• **Exercise data**:
================================

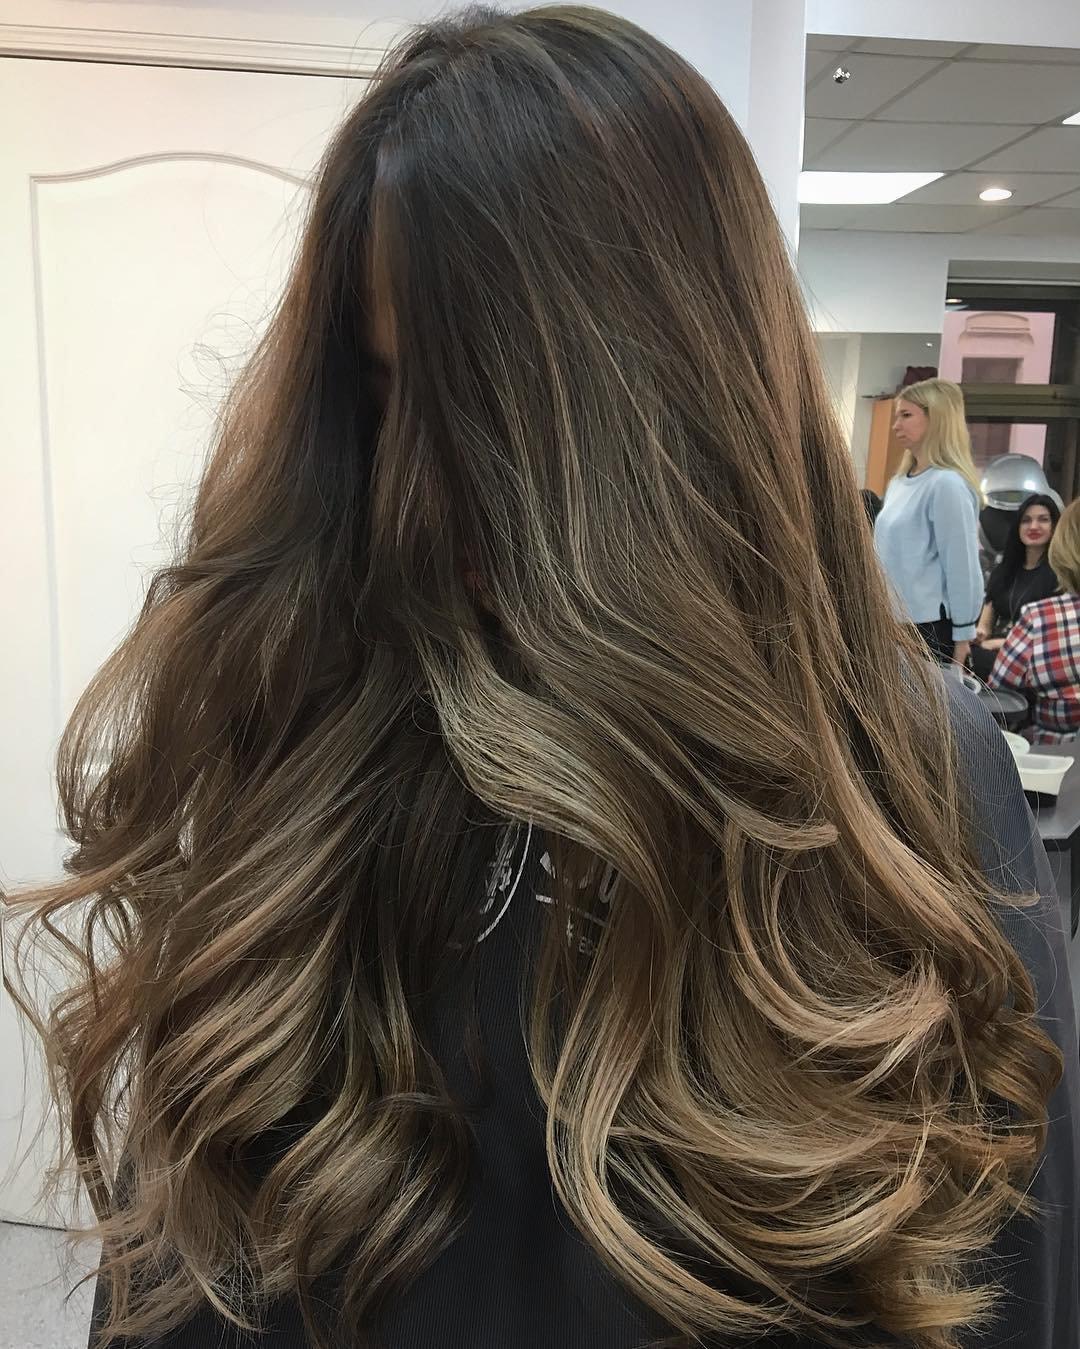 ombre-shatush-balajazh-foto_shatush-5 Шатуш на короткие волосы: окрашивание шатуш на каре с удлинением, боб каре, каре с челкой, техника окрашивания, фото и видео
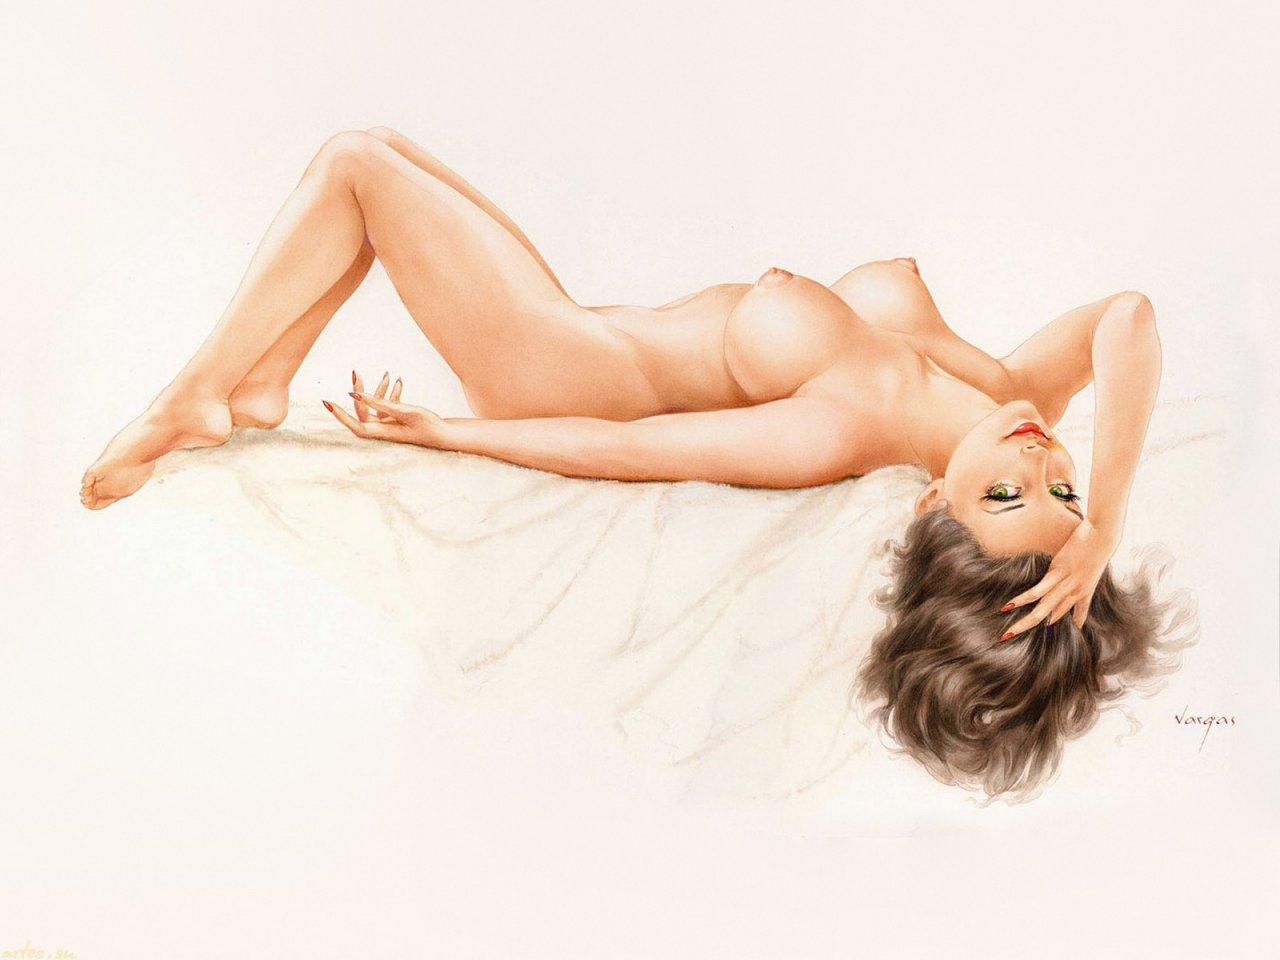 Рисованные голые женщины смотреть бесплатно, Смотреть порно рисованные картинки 12 фотография
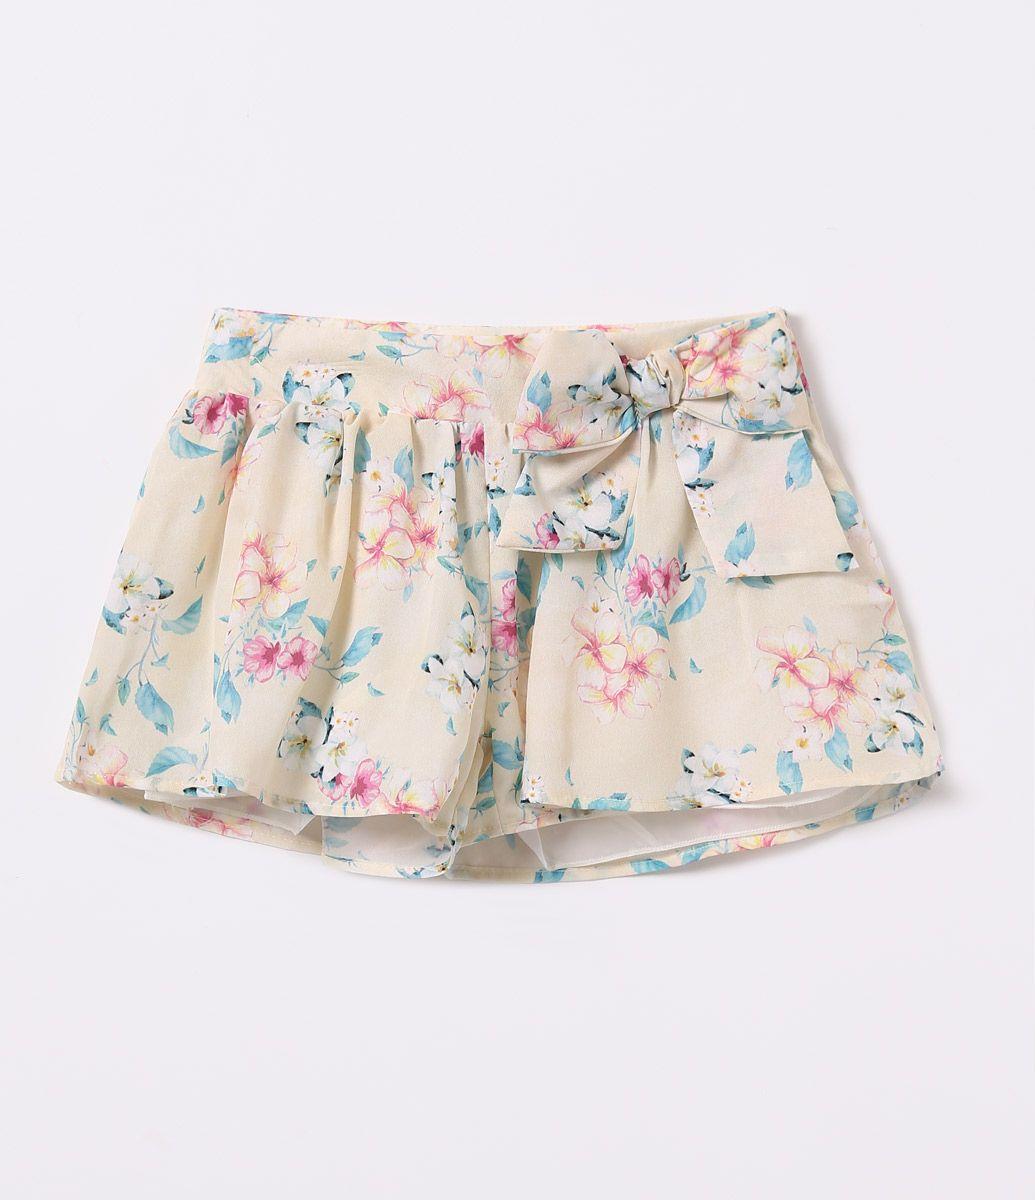 6caa1d0bad68 Short Saia Infantil Floral com Laço Aplicado - Tam 1 a 4 anos - Lojas Renner
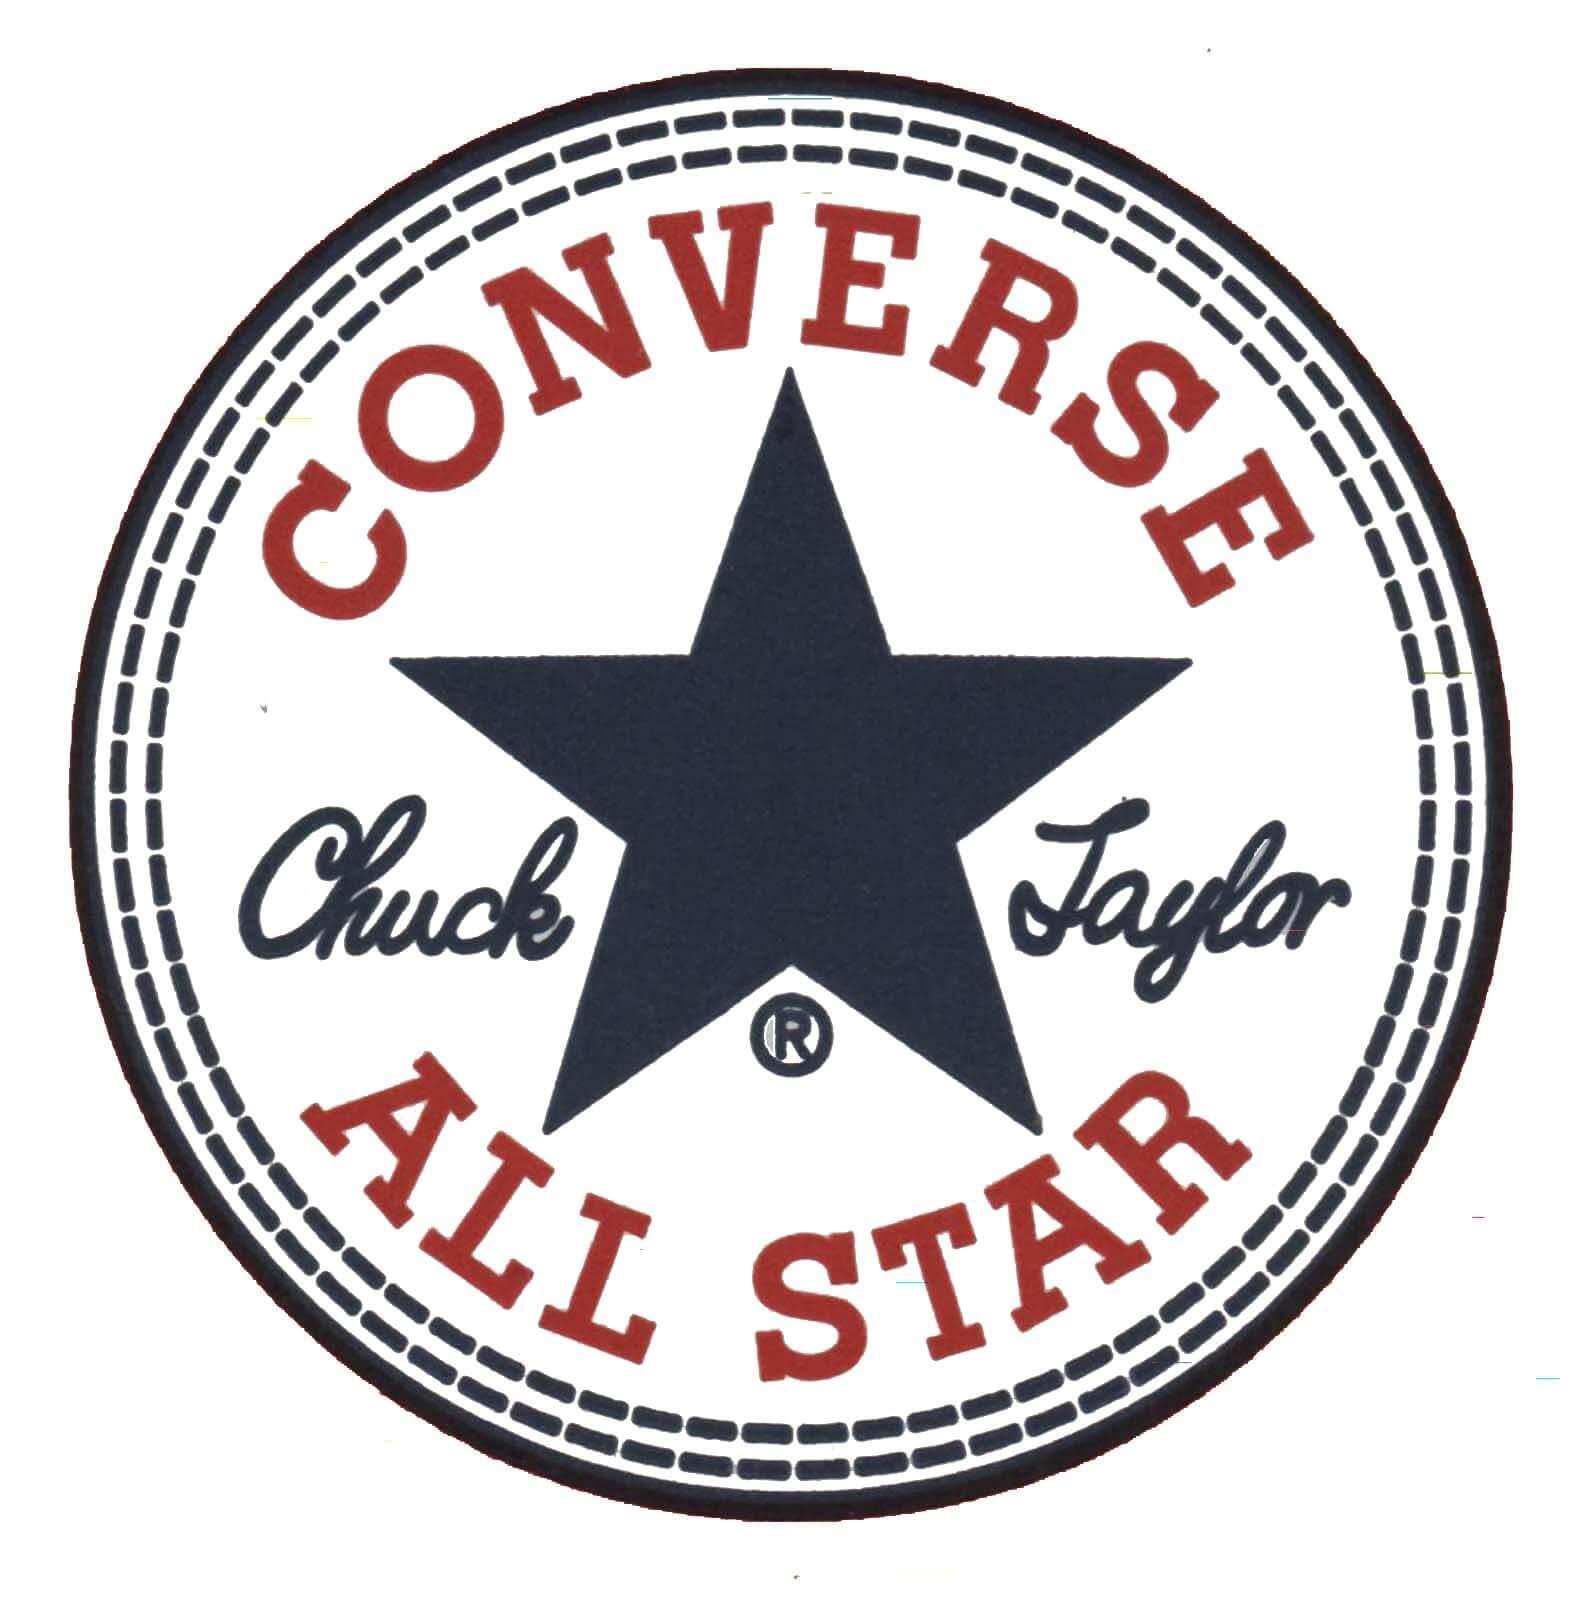 converse zapatillas estrategia de branding logo

================================

• **Exercise details**:
Please write out, word for word, each line from the one with "6caa1d0bad68 Short Saia" to the last line of the data, keeping both ends and omitting pictures.

• **Answer box**:
 6caa1d0bad68 Short Saia Infantil Floral com Laço Aplicado - Tam 1 a 4 anos - Lojas Renner
 converse zapatillas estrategia de branding logo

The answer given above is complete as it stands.